• [Exercise prompt]
Only the pictures are to be dropped, and the rest of the data should be copied exactly.

• [Raw data]
::::
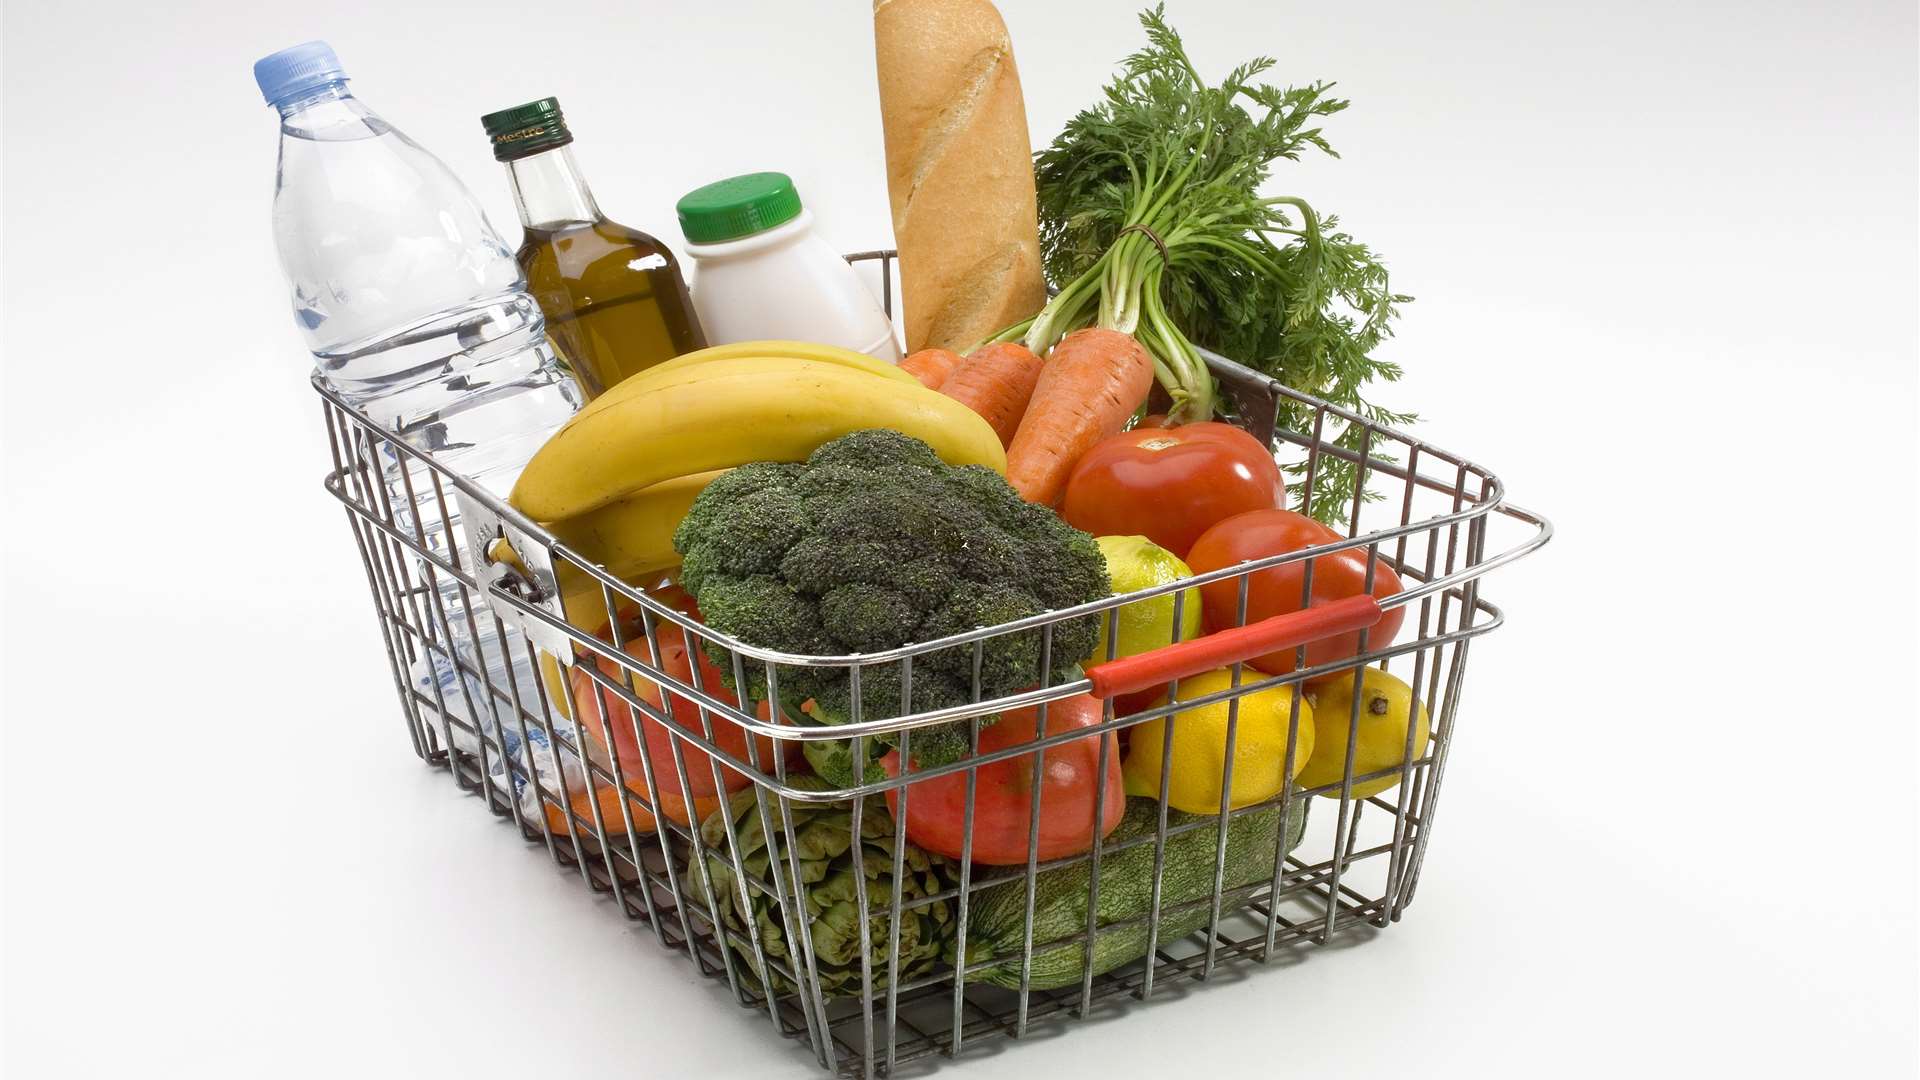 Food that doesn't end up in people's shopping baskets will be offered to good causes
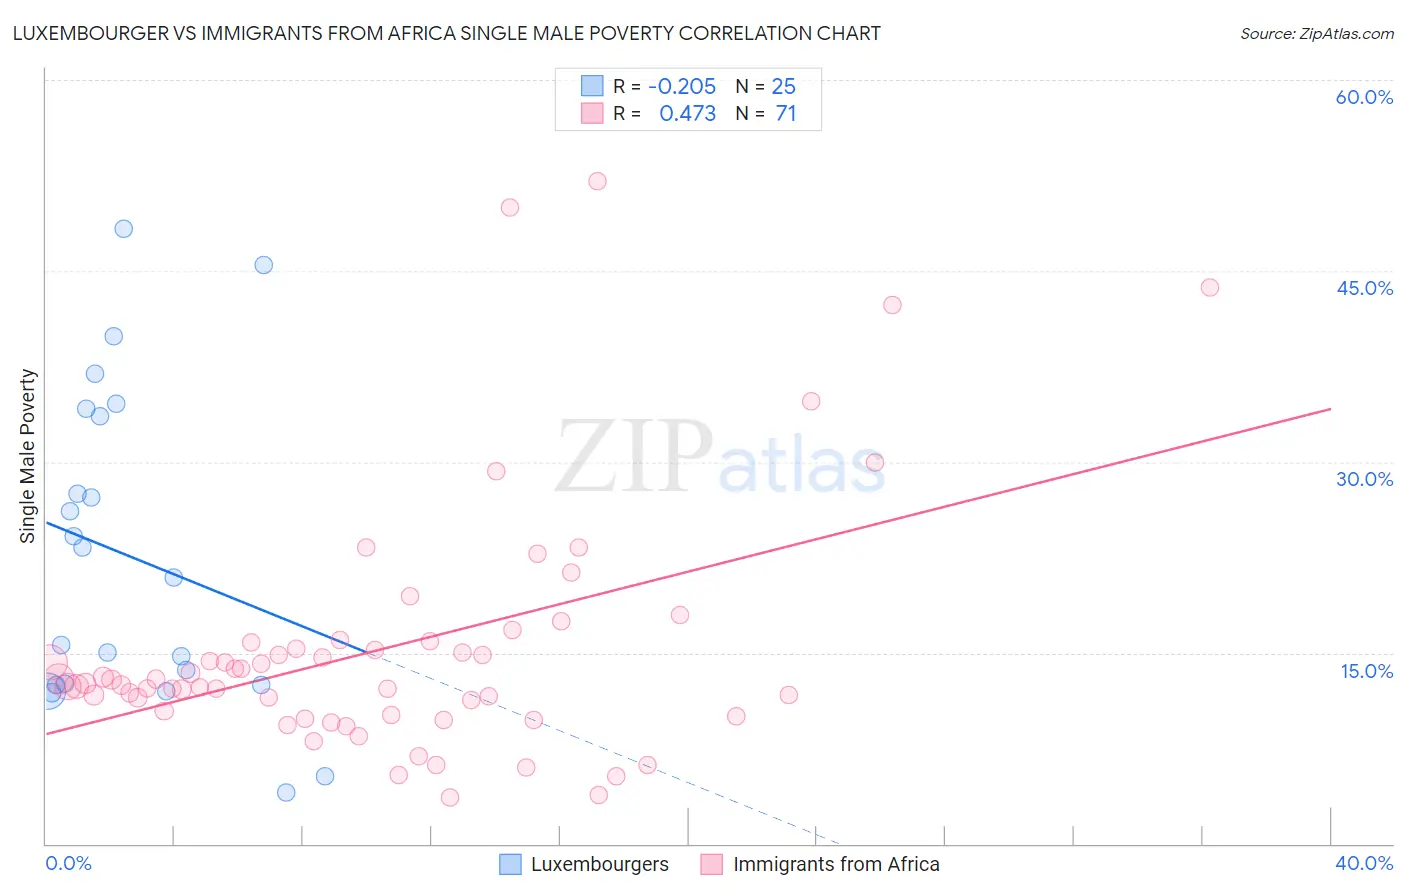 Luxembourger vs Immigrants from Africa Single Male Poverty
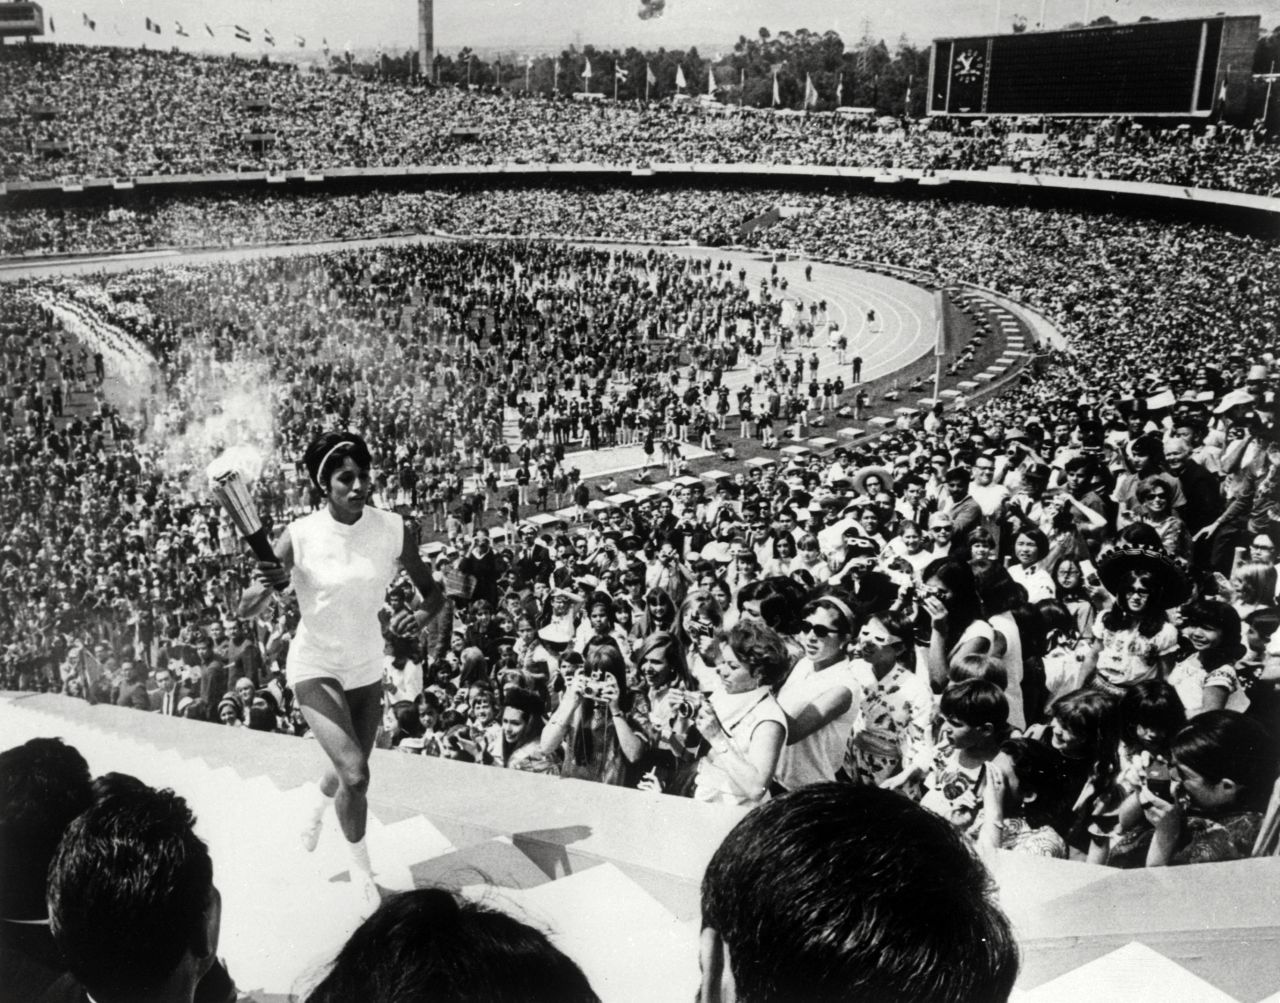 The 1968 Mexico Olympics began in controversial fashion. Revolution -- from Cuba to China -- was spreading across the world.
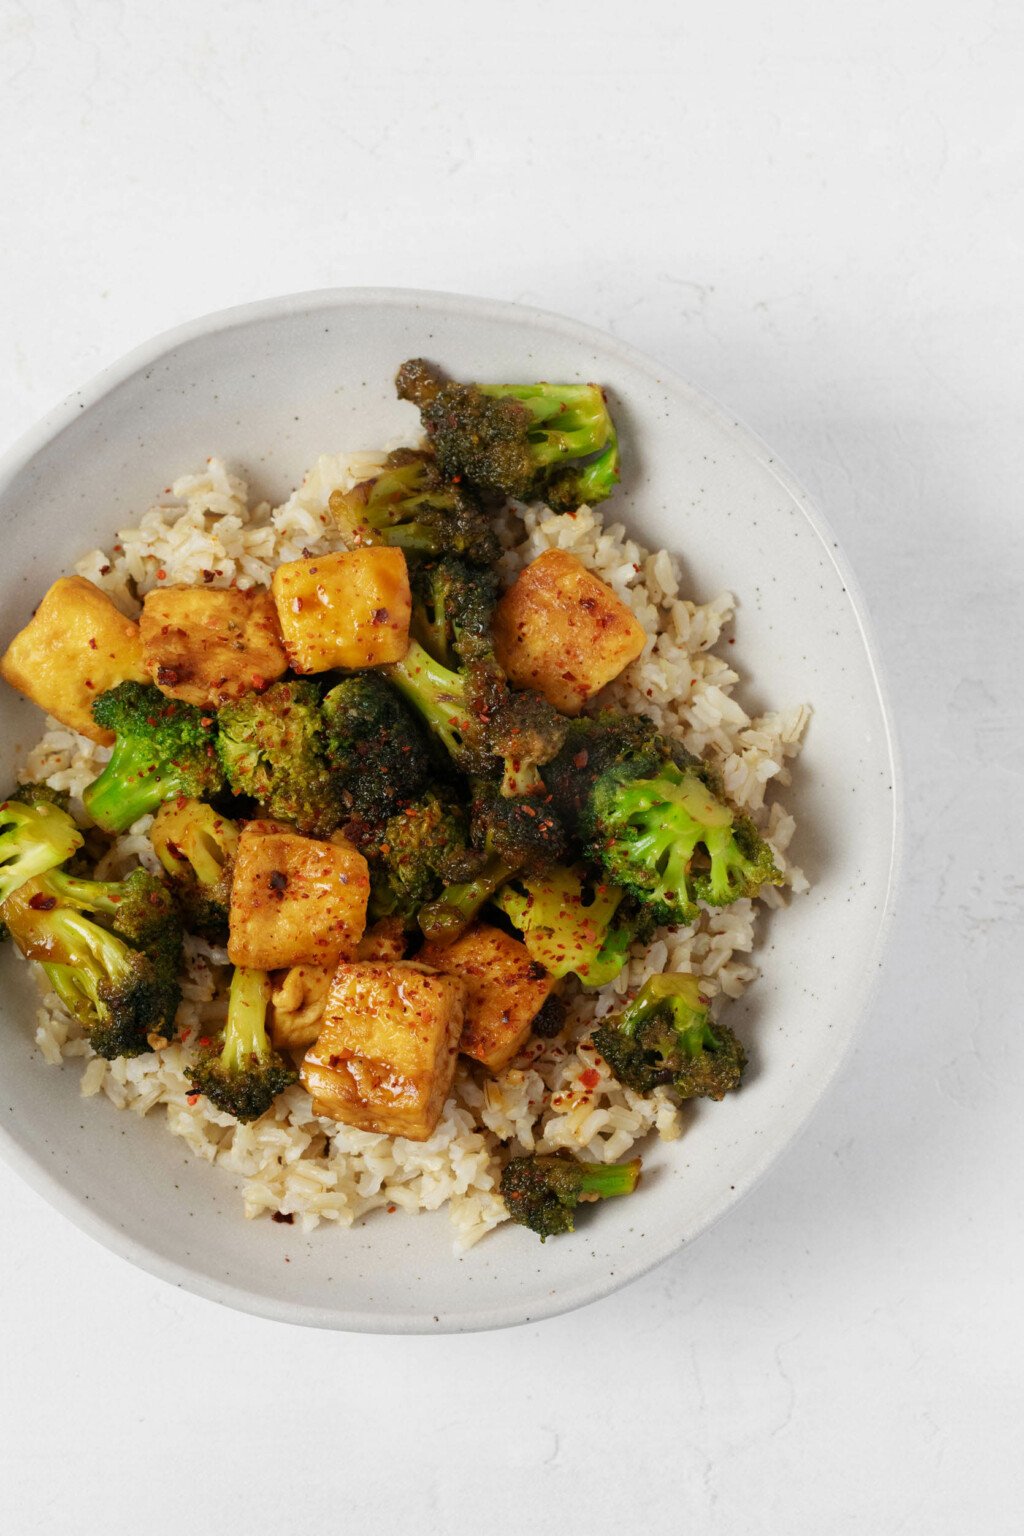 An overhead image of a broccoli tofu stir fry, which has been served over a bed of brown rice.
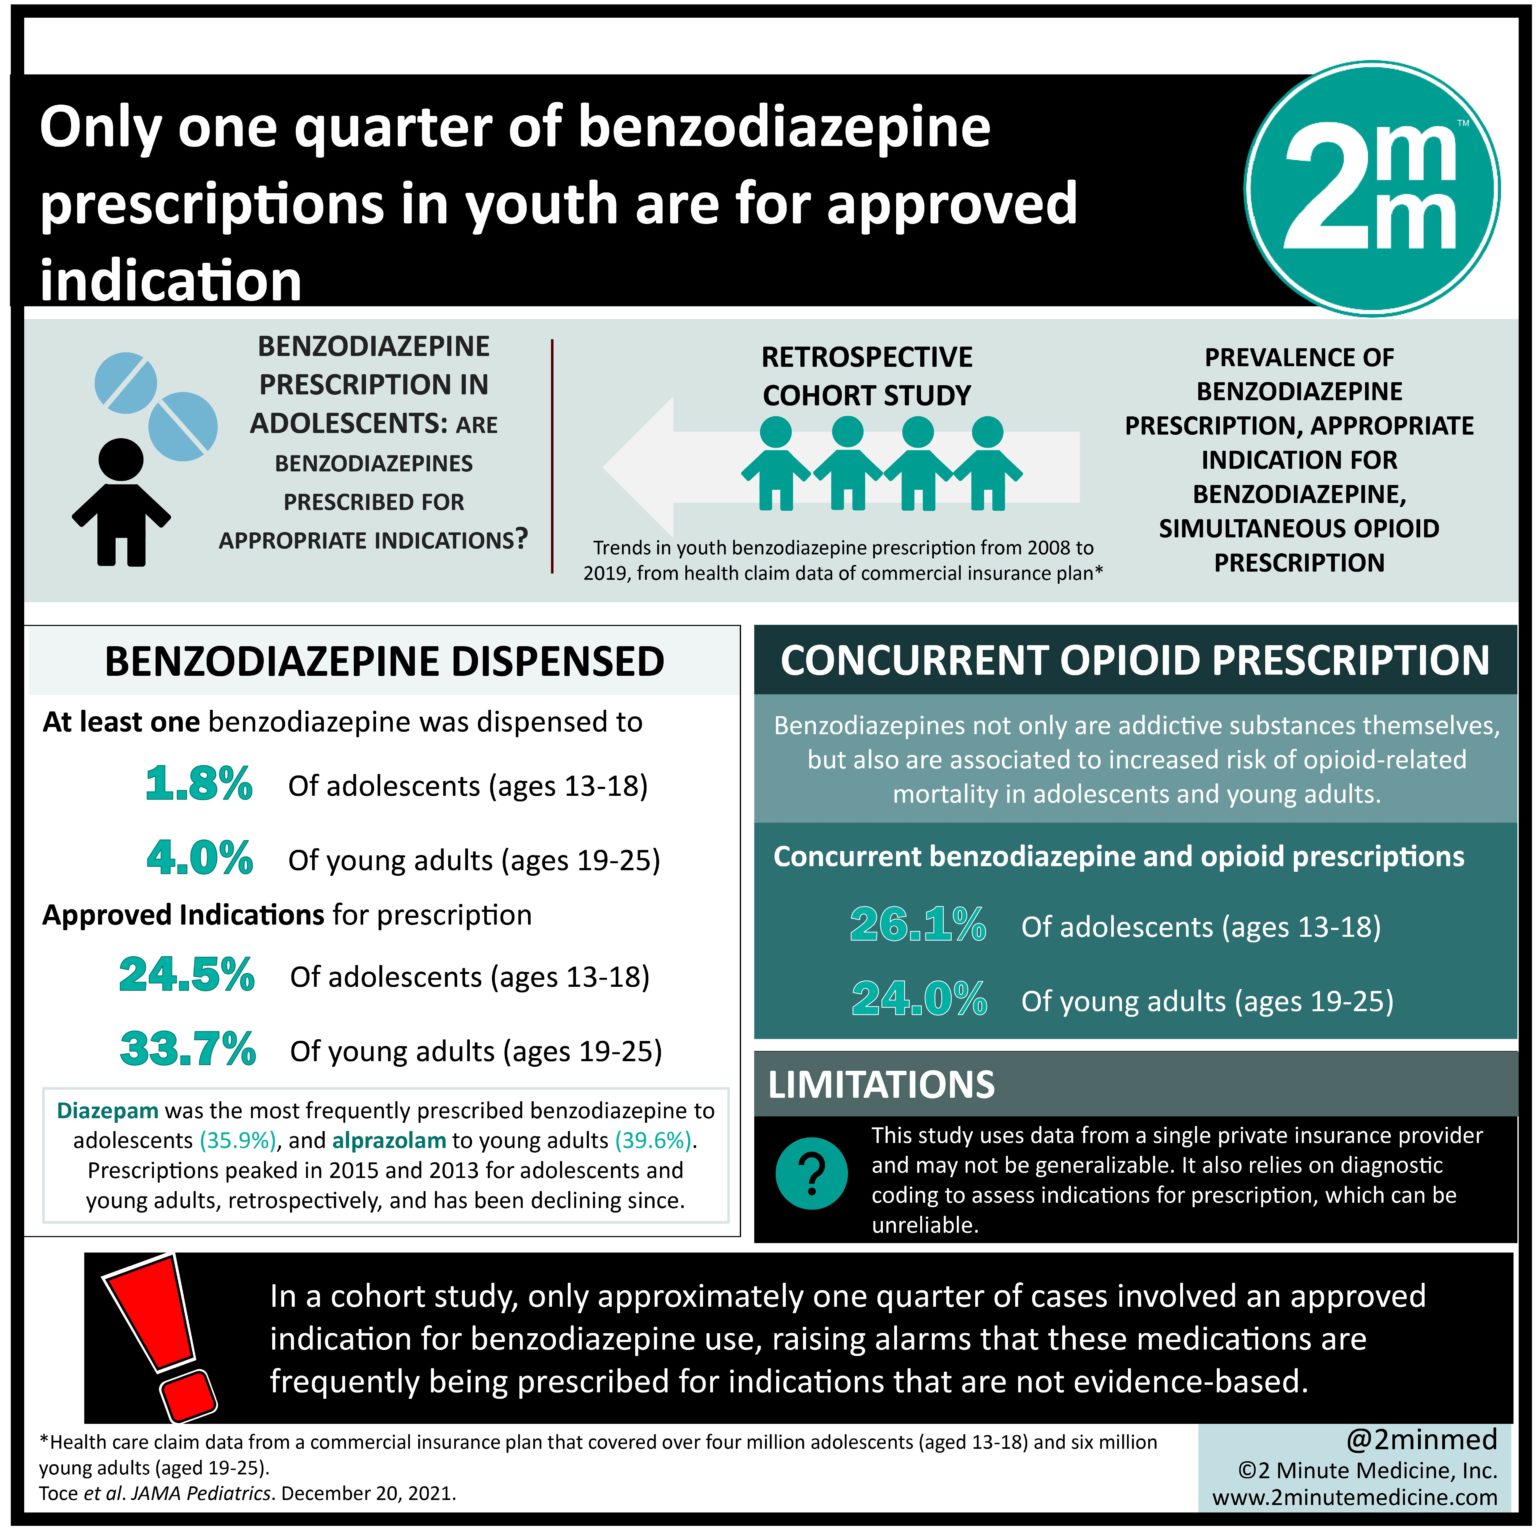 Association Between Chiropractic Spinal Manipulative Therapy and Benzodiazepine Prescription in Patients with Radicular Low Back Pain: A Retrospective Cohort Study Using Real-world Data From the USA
::::
• [Answer to the exercise]
 Food that doesn't end up in people's shopping baskets will be offered to good causes
 Luxembourger vs Immigrants from Africa Single Male Poverty
 The 1968 Mexico Olympics began in controversial fashion. Revolution -- from Cuba to China -- was spreading across the world.
 An overhead image of a broccoli tofu stir fry, which has been served over a bed of brown rice.
 Association Between Chiropractic Spinal Manipulative Therapy and Benzodiazepine Prescription in Patients with Radicular Low Back Pain: A Retrospective Cohort Study Using Real-world Data From the USA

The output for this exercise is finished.